CKA Tip: Hard anti-affinity with topologyKey: kubernetes.io/hostname means you can't have more replicas than nodes. If you have 3 nodes and 4 replicas, one pod stays Pending.


5. Taints and Tolerations

Taints are applied to nodes to repel pods. Tolerations are applied to pods to allow scheduling on tainted nodes.

5.1 Concept

1
2
3
4
Node with taint: "gpu=true:NoSchedule"

  Pod WITHOUT toleration  ──▶  REJECTED ✗
  Pod WITH toleration     ──▶  ALLOWED  ✓

Taints repel. Tolerations permit. A toleration does NOT guarantee scheduling on the tainted node — it only removes the restriction. Use nodeSelector or affinity to attract pods to specific nodes.

5.2 Taint Effects

Effect Behavior
NoSchedule New pods without toleration won't be scheduled. Existing pods stay.
PreferNoSchedule Scheduler tries to avoid, but will schedule if no other option.
NoExecute New pods rejected AND existing pods without toleration are evicted.

5.3 Managing Taints

# Add a taint
kubectl taint nodes worker-1 gpu=true:NoSchedule

# Verify
kubectl describe node worker-1 | grep Taints

# Remove a taint (note the minus at the end)
kubectl taint nodes worker-1 gpu=true:NoSchedule-

# Remove all taints with a key
kubectl taint nodes worker-1 gpu-

5.4 Control Plane Taint

By default, kubeadm taints control plane nodes:

kubectl describe node controlplane | grep Taints
# Taints: node-role.kubernetes.io/control-plane:NoSchedule

This prevents workload pods from running on the control plane.
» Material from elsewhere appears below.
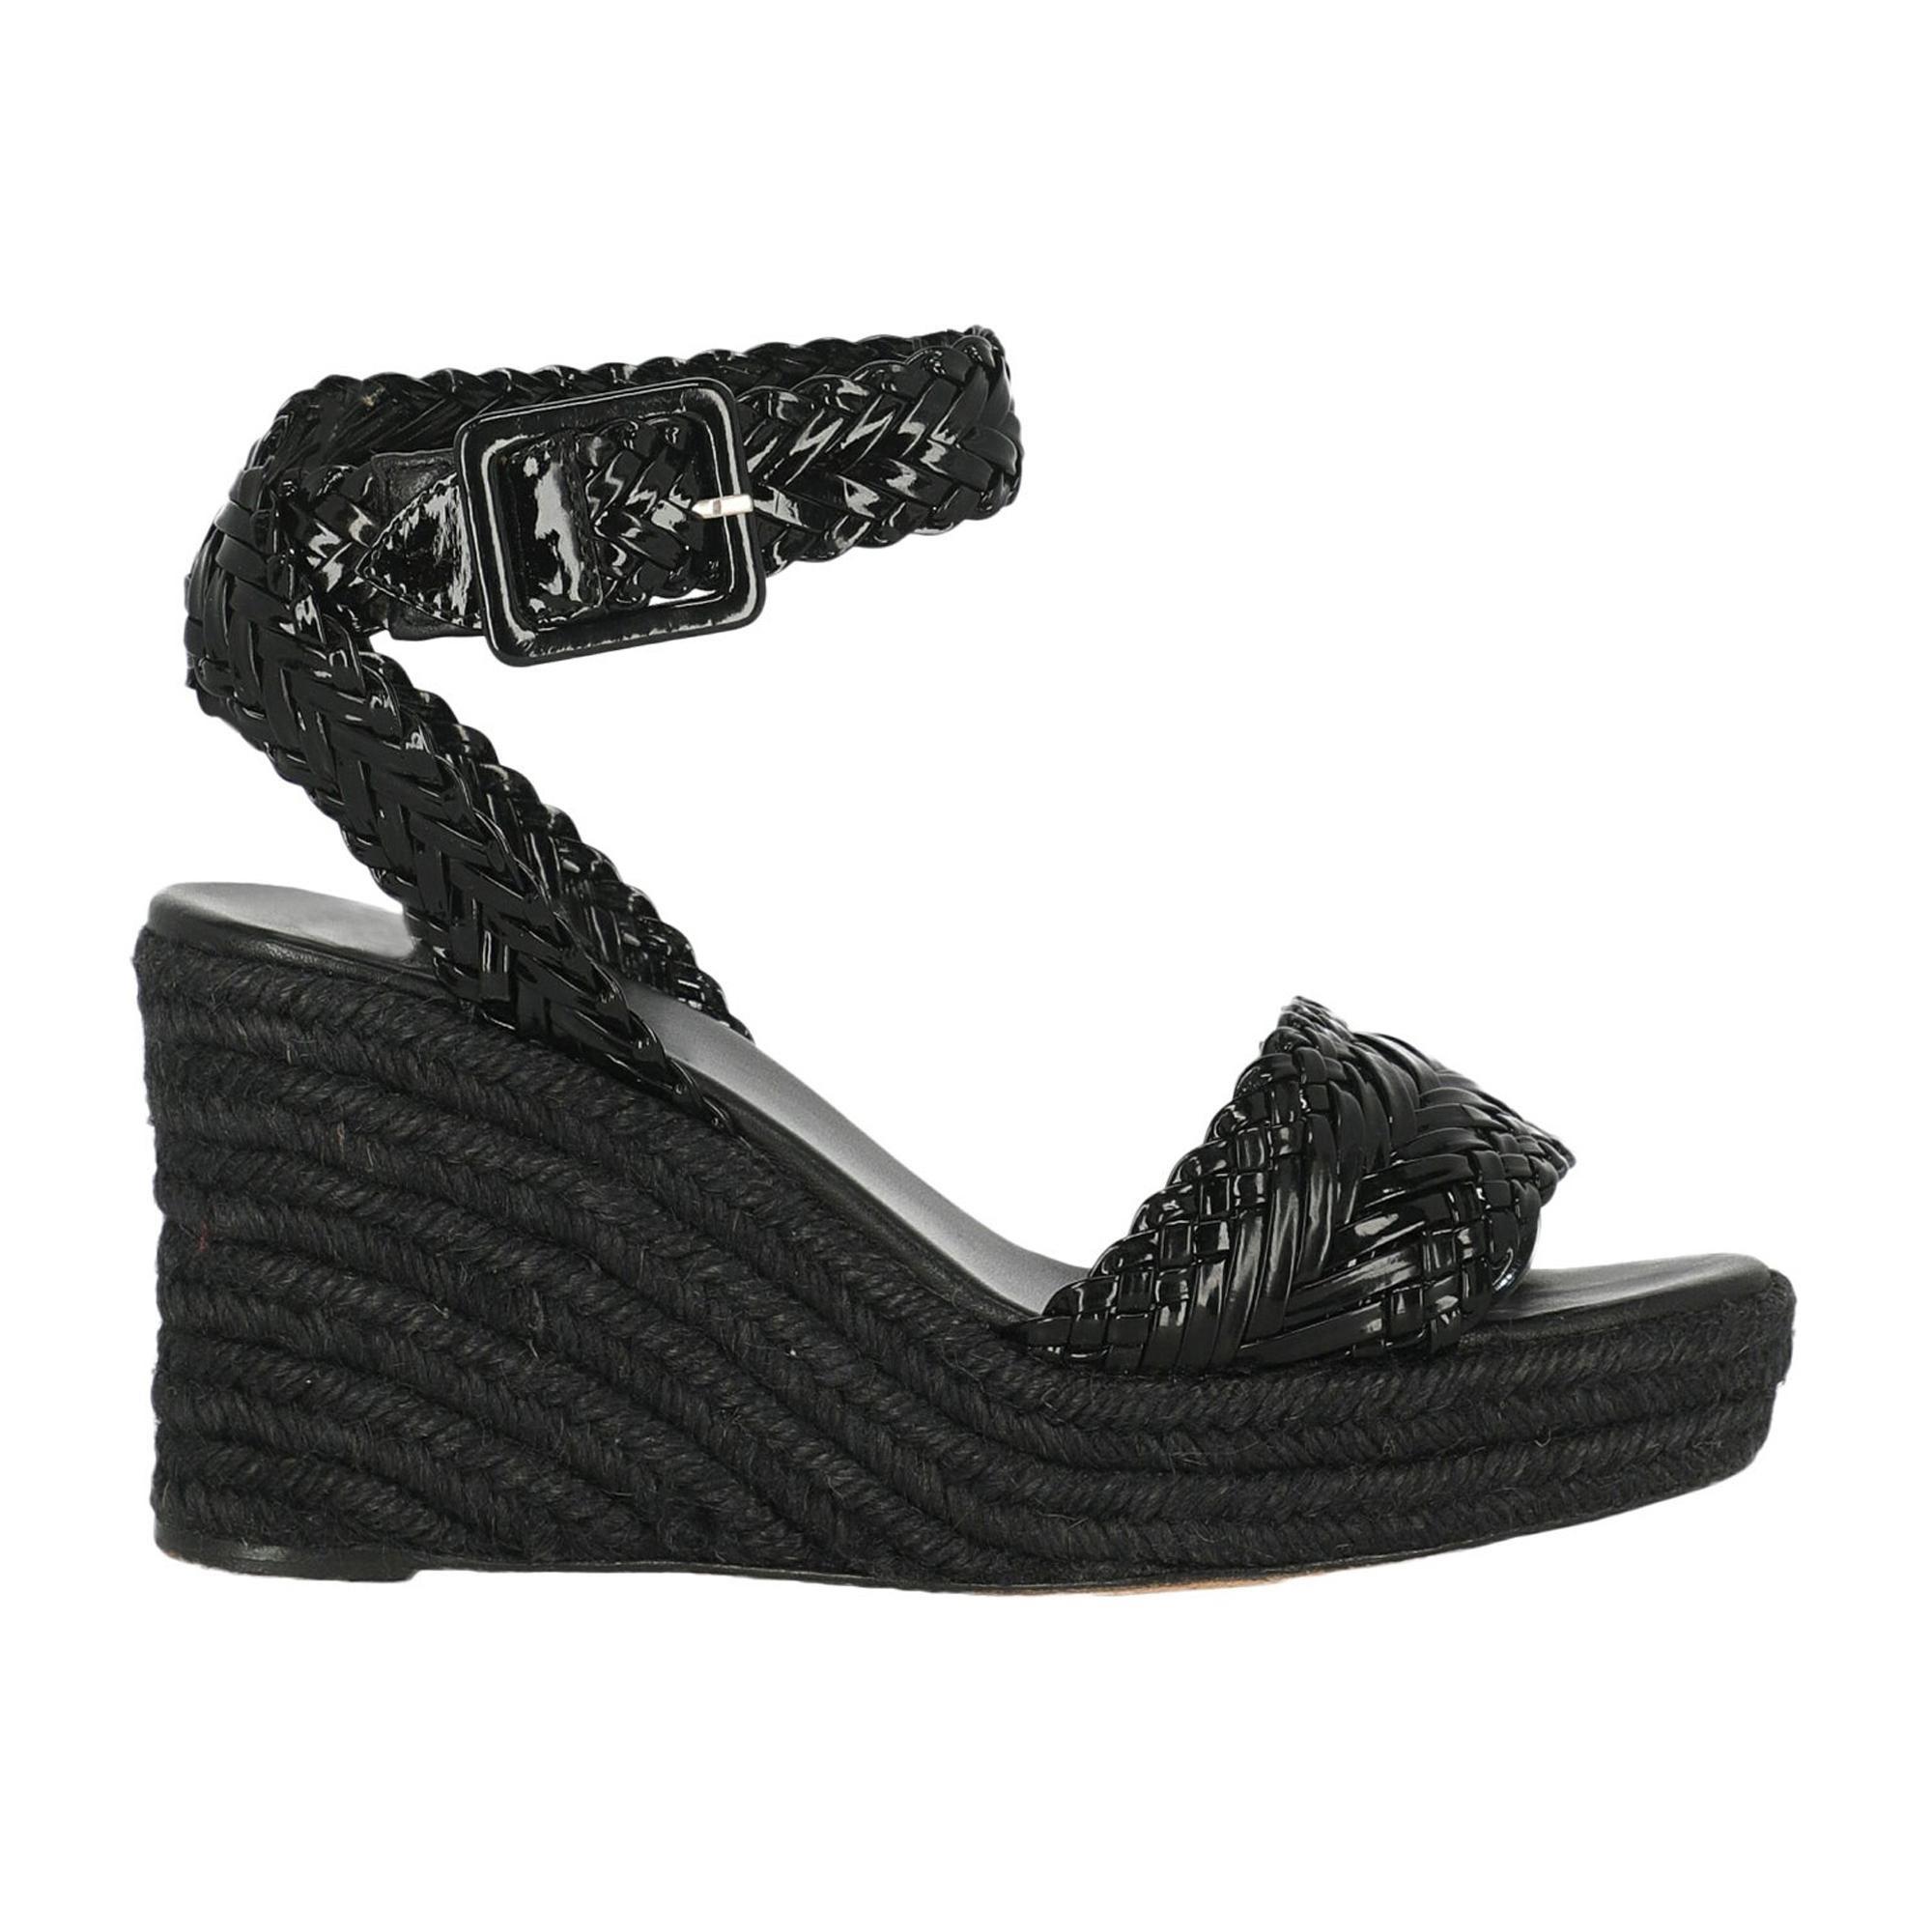 Hermès Woman Wedges Black Leather IT 38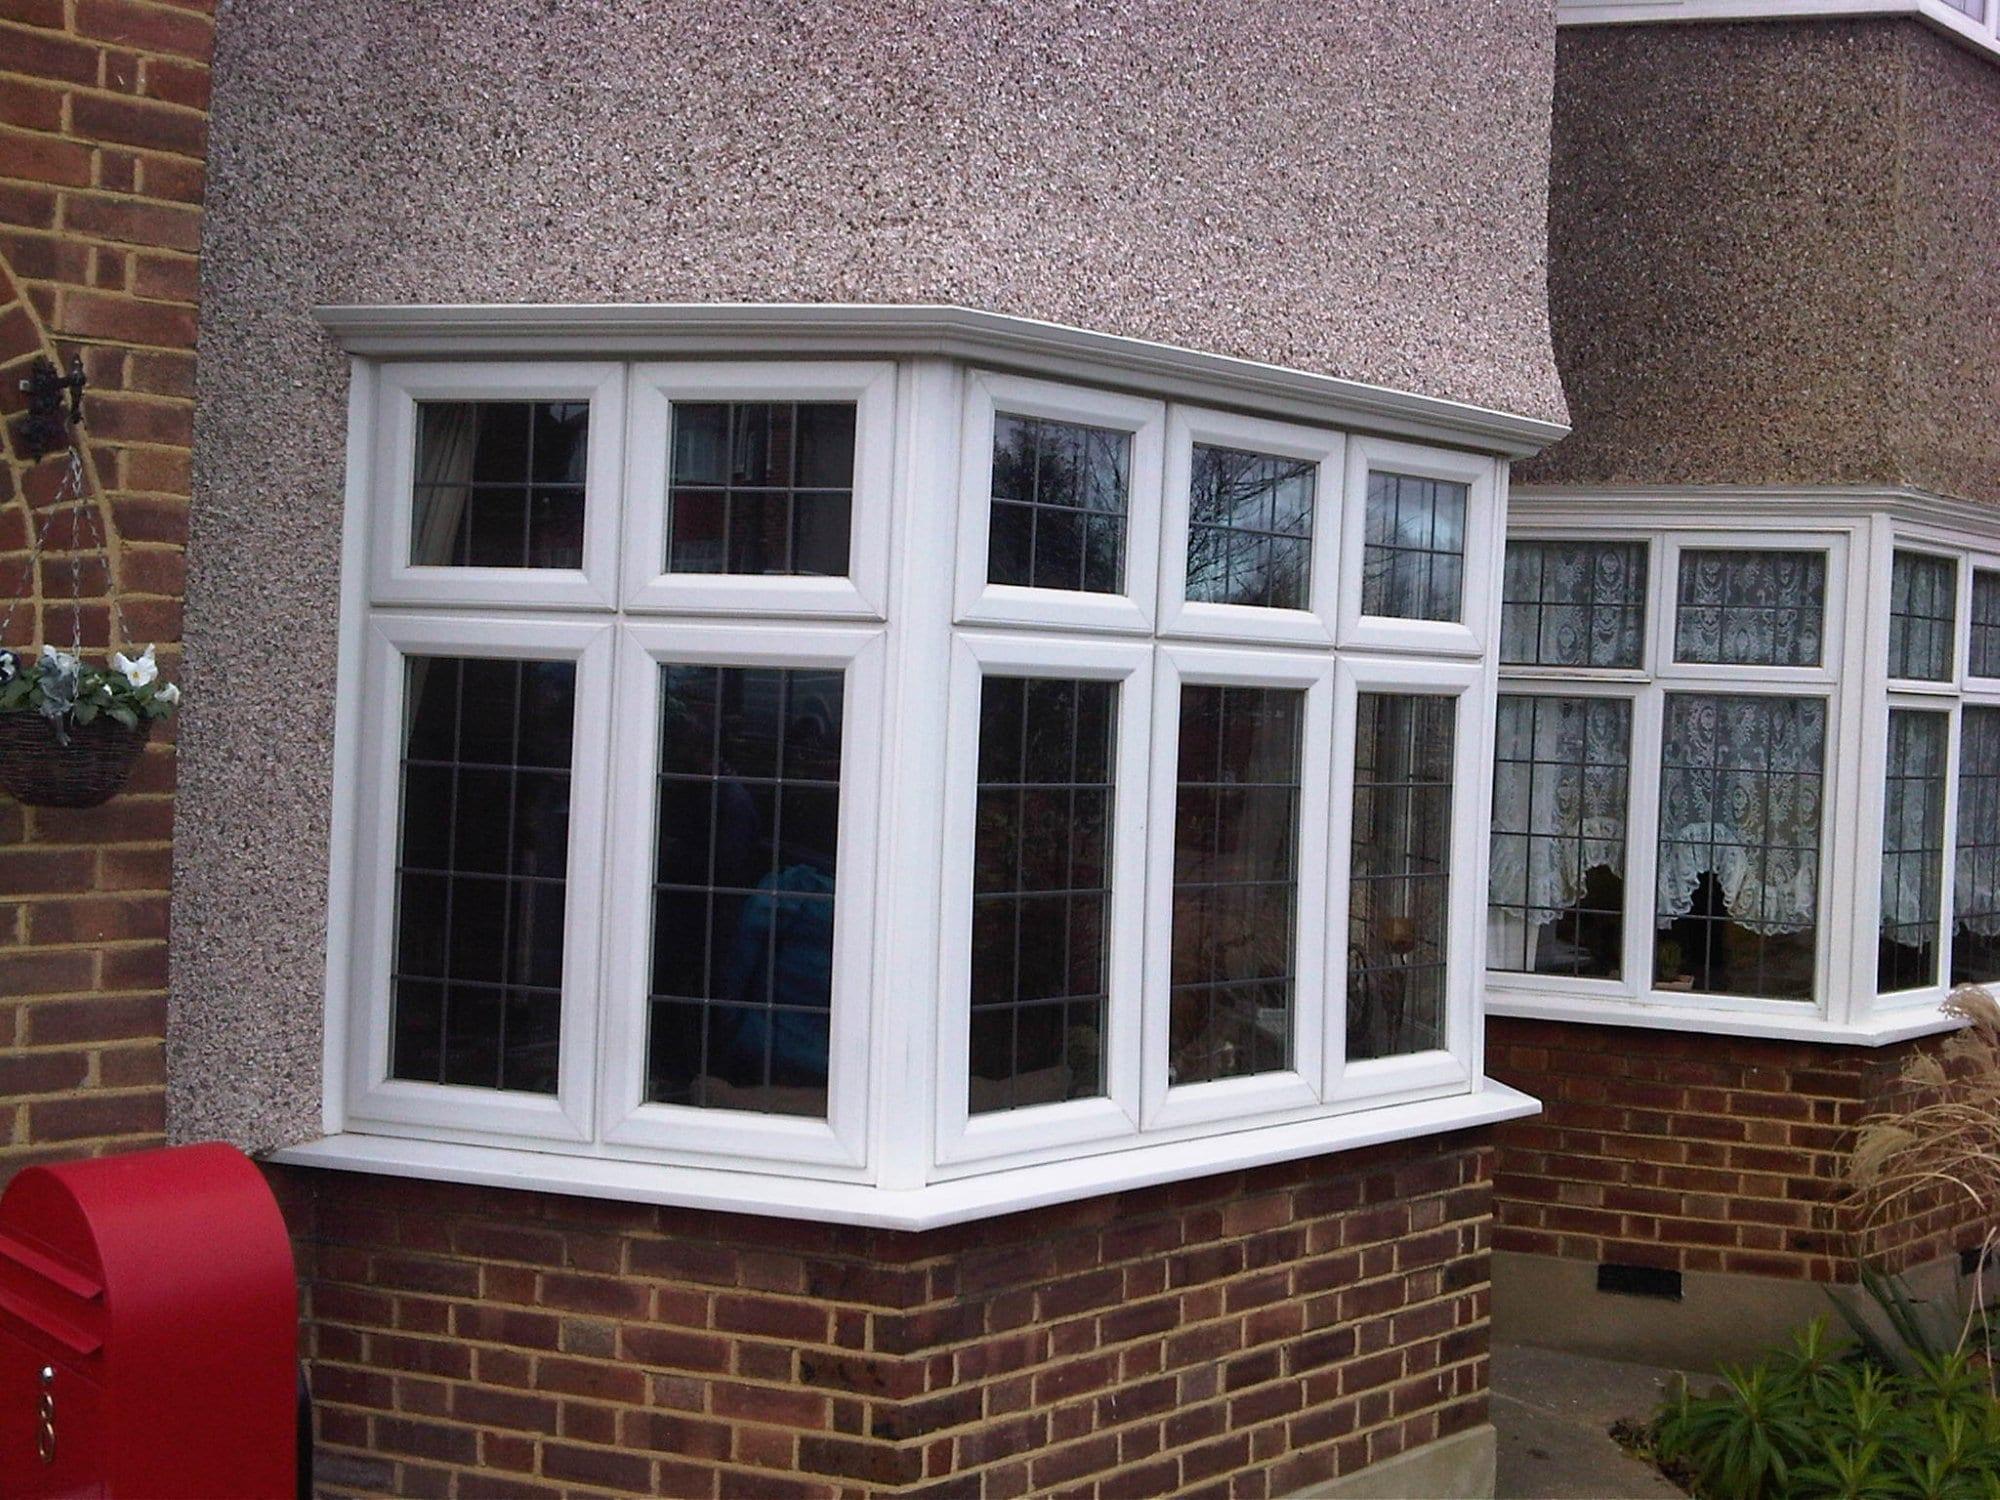 upvc bay windows surrey - Express Supply Only Double Glazing Service

To allow scheduling:

# Remove the control plane taint
kubectl taint nodes controlplane node-role.kubernetes.io/control-plane:NoSchedule-

5.5 Tolerations

apiVersion: v1
kind: Pod
metadata:
  name: gpu-pod
spec:
  tolerations:
  - key: "gpu"
    operator: "Equal"
    value: "true"
    effect: "NoSchedule"
  containers:
  - name: app
    image: nvidia/cuda:latest

5.6 Toleration Operators

Operator Meaning
Equal Key, value, and effect must all match
Exists Key and effect must match (value is ignored)

Special cases:

1
2
3
4
5
6
7
8
# Tolerate ALL taints with key "gpu" (any effect)
tolerations:
- key: "gpu"
  operator: "Exists"

# Tolerate ALL taints on the node (master toleration)
tolerations:
- operator: "Exists"

5.7 NoExecute and tolerationSeconds

With NoExecute, you can set how long a pod stays before eviction:

1
2
3
4
5
tolerations:
- key: "node.kubernetes.io/unreachable"
  operator: "Exists"
  effect: "NoExecute"
  tolerationSeconds: 300    # stay for 5 minutes, then evict

5.8 Taints + nodeSelector Together

Common pattern — dedicate nodes to specific workloads:

1
2
3
4
5
# 1. Taint the node (repel everything)
kubectl taint nodes worker-3 dedicated=gpu:NoSchedule

# 2. Label the node (attract specific pods)
kubectl label nodes worker-3 hardware=gpu
1
2
3
4
5
6
7
8
9
# Pod: tolerate the taint AND select the node
spec:
  tolerations:
  - key: "dedicated"
    operator: "Equal"
    value: "gpu"
    effect: "NoSchedule"
  nodeSelector:
    hardware: gpu

6. Resource Requests and Limits

6.1 Concepts

Field Purpose Used by
requests Minimum guaranteed resources — used by the scheduler for placement Scheduler
limits Maximum allowed resources — enforced by the kubelet at runtime kubelet / kernel
spec:
  containers:
  - name: app
    image: nginx
    resources:
      requests:
        cpu: 250m         # 0.25 CPU cores
        memory: 128Mi     # 128 MiB
      limits:
        cpu: 500m         # 0.5 CPU cores
        memory: 256Mi     # 256 MiB

6.2 CPU vs Memory Units

Resource Unit Examples
CPU millicores (m) or cores 100m = 0.1 core, 1 = 1 core, 1500m = 1.5 cores
Memory bytes with suffix 128Mi (mebibytes), 1Gi (gibibytes), 256M (megabytes)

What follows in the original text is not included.